Alternately, if you have the same version of ACR in both LR and PS, your can send the PIE instructions and the name of the file to PS and ACR will apply those for further processing in PS.  PS will then save the changes to a derivate image file and this file will be cataloged by LR.


----------



## bobrobert (Oct 5, 2013)

Quote gazgaz

And that means that any exposure/tone changes I make after that in LR  won't work as well because I'm no longer working with a raw image at  that point?

Unquote.

Do I see a deeper question here? Are you asking about at which point you stop processing an image before it is in danger of loosing quality information or aesthetic considerations? Many people save layered Tiffs in PS with the idea of going back and tweaking an image time after time which means they are possibly never happy with the final outcome. Obviously too much tweaking can lead to a possible loss of information especially banding in skies. Some will state that layers are non destructive, but are they really? This a crucial point that every experienced user will have to make their minds up as part of a workflow. When is an image really finished. Personally I don't save layered Tiffs to tweak at a later date. If I am not happy starting over is imo better. The above statement applies to LR as well .... imo.


----------



## qazqaz (Oct 5, 2013)

bobrobert said:


> Quote gazgaz
> 
> And that means that any exposure/tone changes I make after that in LR  won't work as well because I'm no longer working with a raw image at  that point?
> 
> ...



Actually my deeper question has not quite been answered yet. Lets say I import a Raw file into Lightroom, and tweak the exposure using Lightrooms develop feature. At this point I should have lots of freedom to change exposure because I'm dealing with a raw file. I then edit the image using photoshop. I assume that at this point now the exposure and other tone settings will no longer be quite as affective because they are being applied to a TIFF or PSD file?


----------



## bobrobert (Oct 5, 2013)

Imo you wrongly assume that. Your eyes should tell you that. It is possible to have LR & PS open and make a comparison. You can even open it in PS and return it to LR without changes and make a side by side comparison in LR. Your eyes makes the decision as to how they compare.


----------



## ernie (Oct 6, 2013)

I think I understand what you're saying/asking. IMO, technically I guess you're right. The adjustments won't have QUITE the latitude on a tif as they would on a raw. However, assuming you've gotten the exposure and other adjustments fairly close in the first place (while you were working on the raw), the differences in effectiveness would be tiny and inconsequential.  In other words, IMO, you're over thinking it.


----------



## bobrobert (Oct 6, 2013)

In reality you are NEVER working on a raw. You are working on a rendered version of the raw so there really isn't a "problem".


----------



## qazqaz (Oct 6, 2013)

ernie said:


> I think I understand what you're saying/asking. IMO, technically I guess you're right. The adjustments won't have QUITE the latitude on a tif as they would on a raw. However, assuming you've gotten the exposure and other adjustments fairly close in the first place (while you were working on the raw), the differences in effectiveness would be tiny and inconsequential.  In other words, IMO, you're over thinking it.
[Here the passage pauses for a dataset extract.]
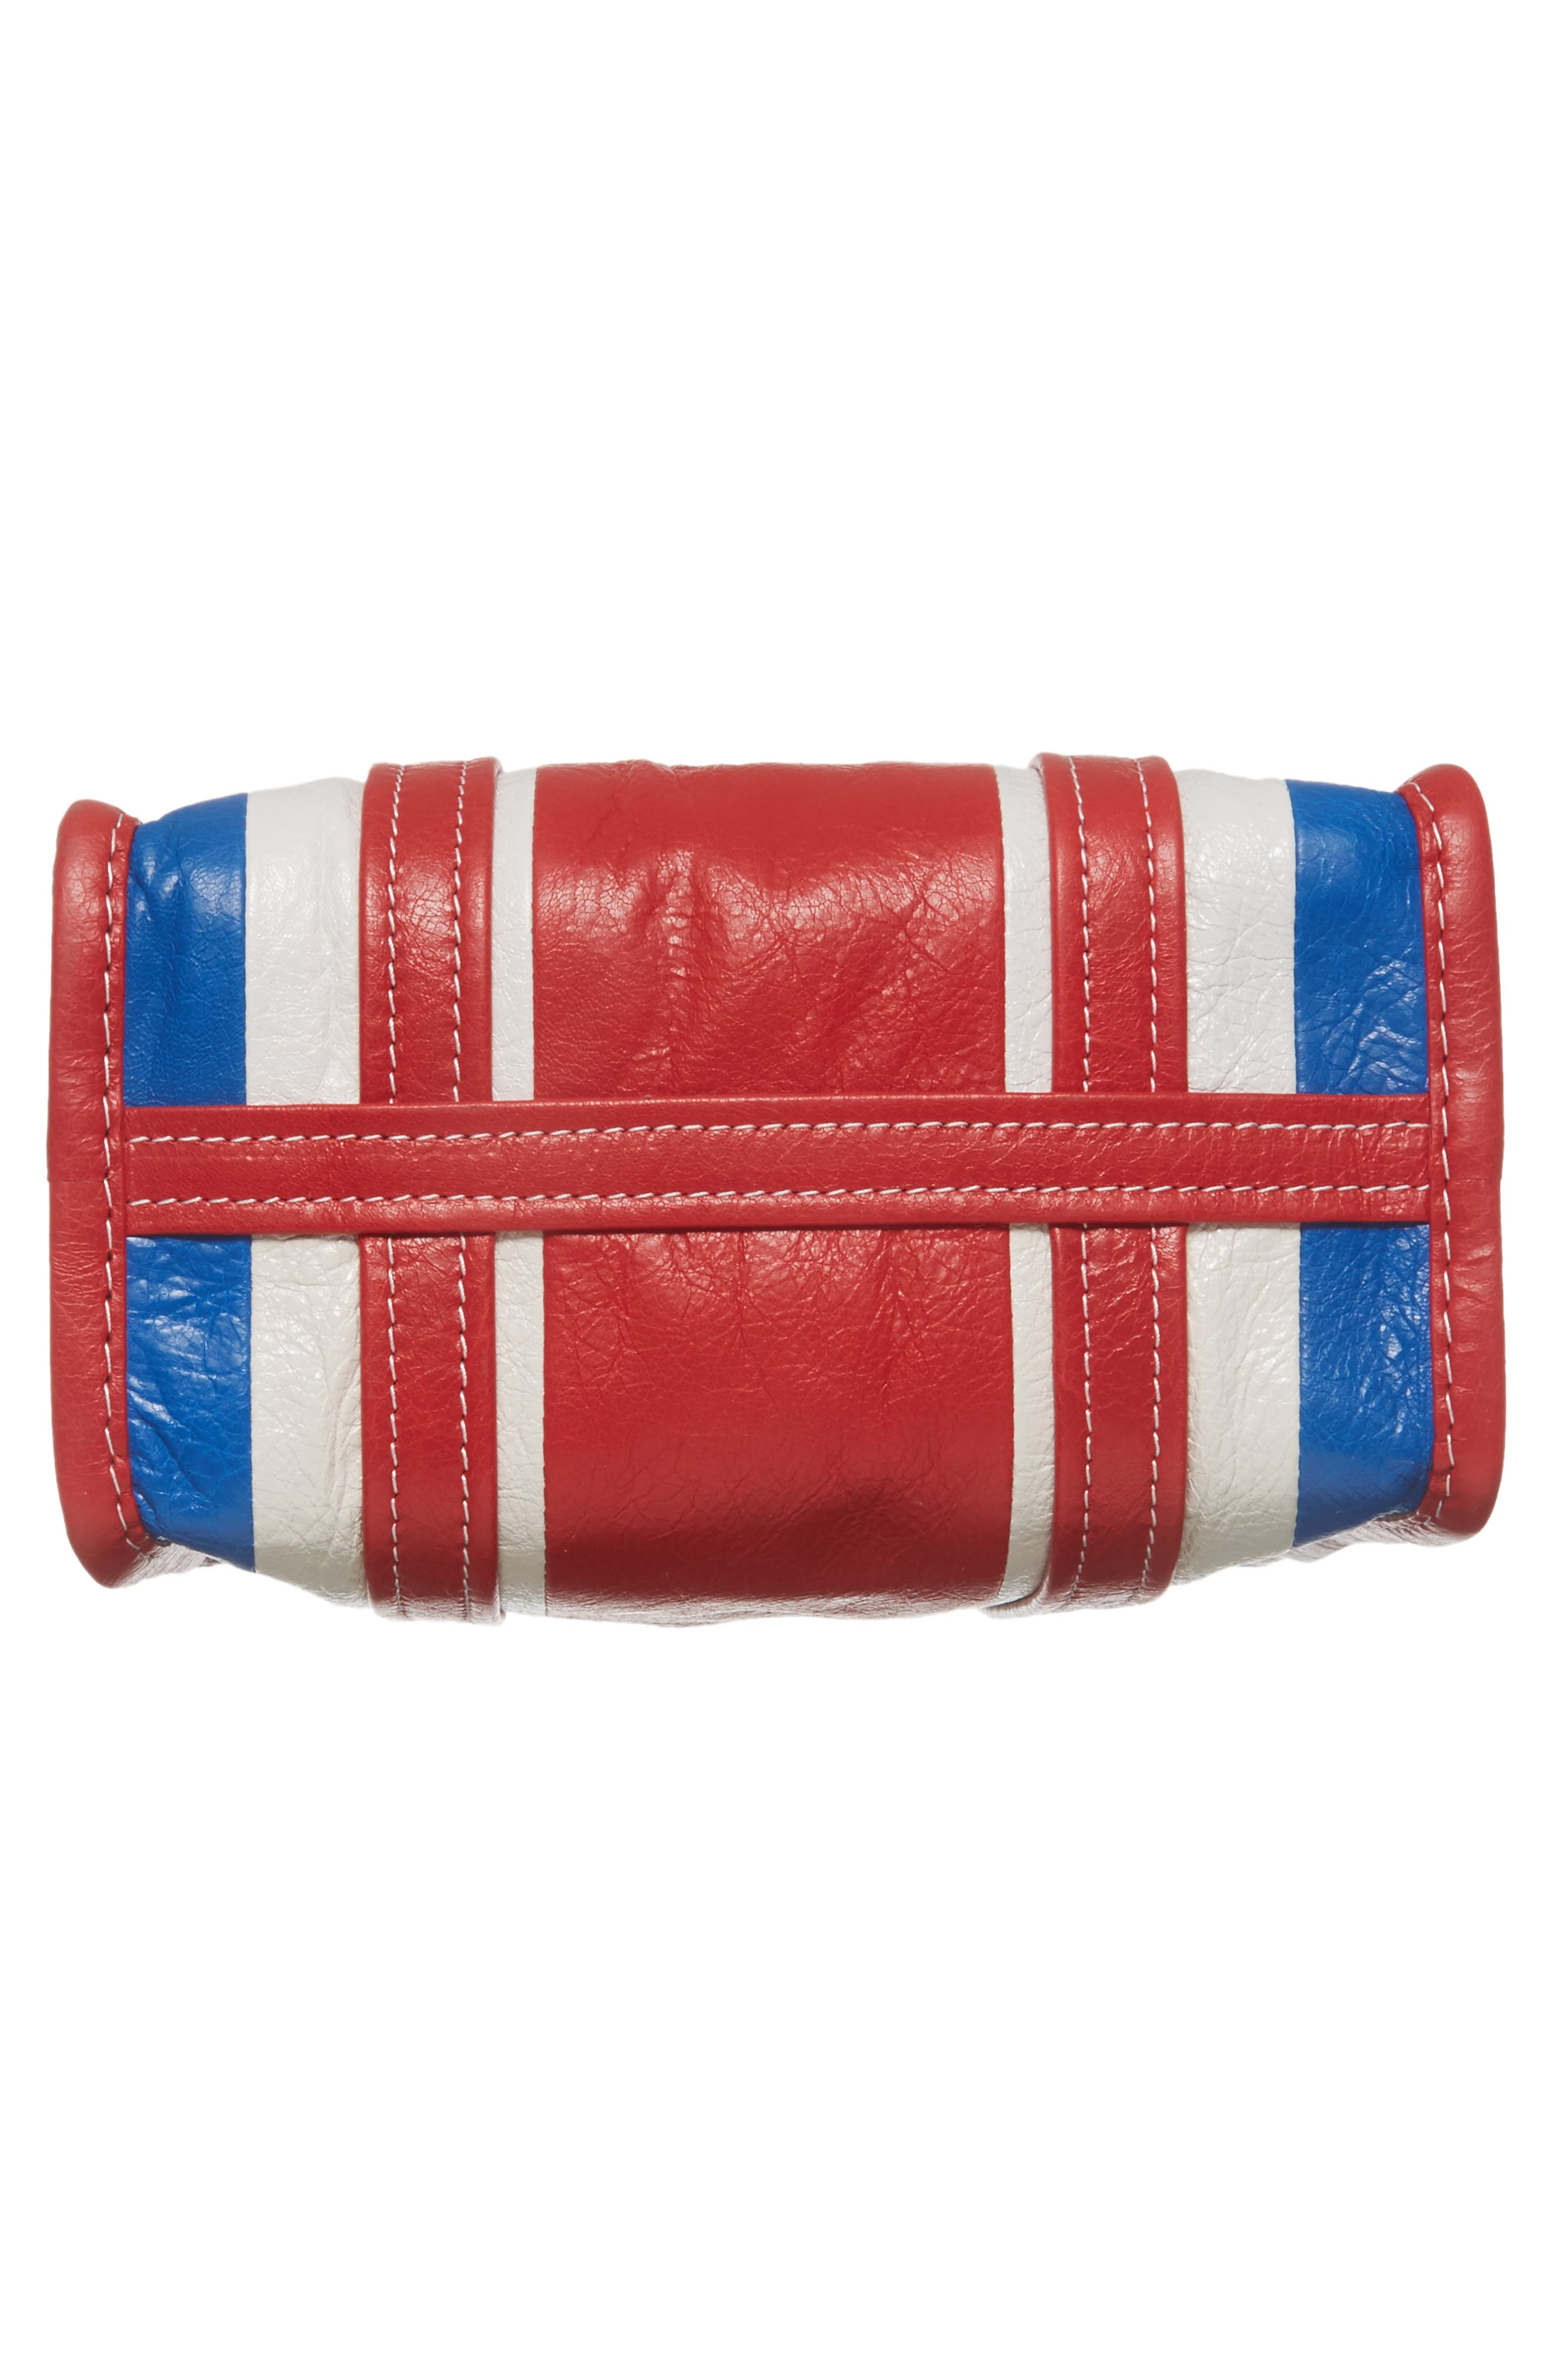 Extra Small Bazar Leather AJ Shopper,                             Alternate thumbnail 6, color,                             Blue/ Blanc/ Rouge

Yep you're right. I was just trying to get the workflow right in my head so that I know what I'm dealing with. It's all clear now.


----------



## Selwin (Oct 12, 2013)

Hi qasqas,

This has been a confusing topic to read. I understand that your question is that once an image has "been to PS and back into LR" and is now in TIFF format, you will miss the latitude RAW provides from then on. If this is what you are asking, yes you are correct, but it's not a big problem. And that is because you use the RAW latitude first to adjust any major exposure / WB / tone settings. Then, when your image is very close to what you want it to be, you go edit in PS and the RAW file information is passed on from LR to PS with the "recipe" you edited thusfar. At this point PS can still access the RAW information while you make additional edits in PS. Then when you're done, PS saves the resulting image as a TIFF or PSD (whatever you set LR to in Preferences) and LR imports that TIFF alongside the original RAW file.

The important notion here is that by now you've edited most of what there is to edit to this image. So yes, re-editing the image, now being a TIFF, will limit your latitude but as there will only be minor tweaks left to do that you missed the first time around, in practical terms you won't notice any problems because of this. You don't need that latitude anymore. Well not for 99.9% of yourimages anyway. And for that one image in 5 years you can simply "edit in PS" again starting from the RAW file.


----------



## qazqaz (Oct 13, 2013)

Thanks it all makes perfect sense now.


----------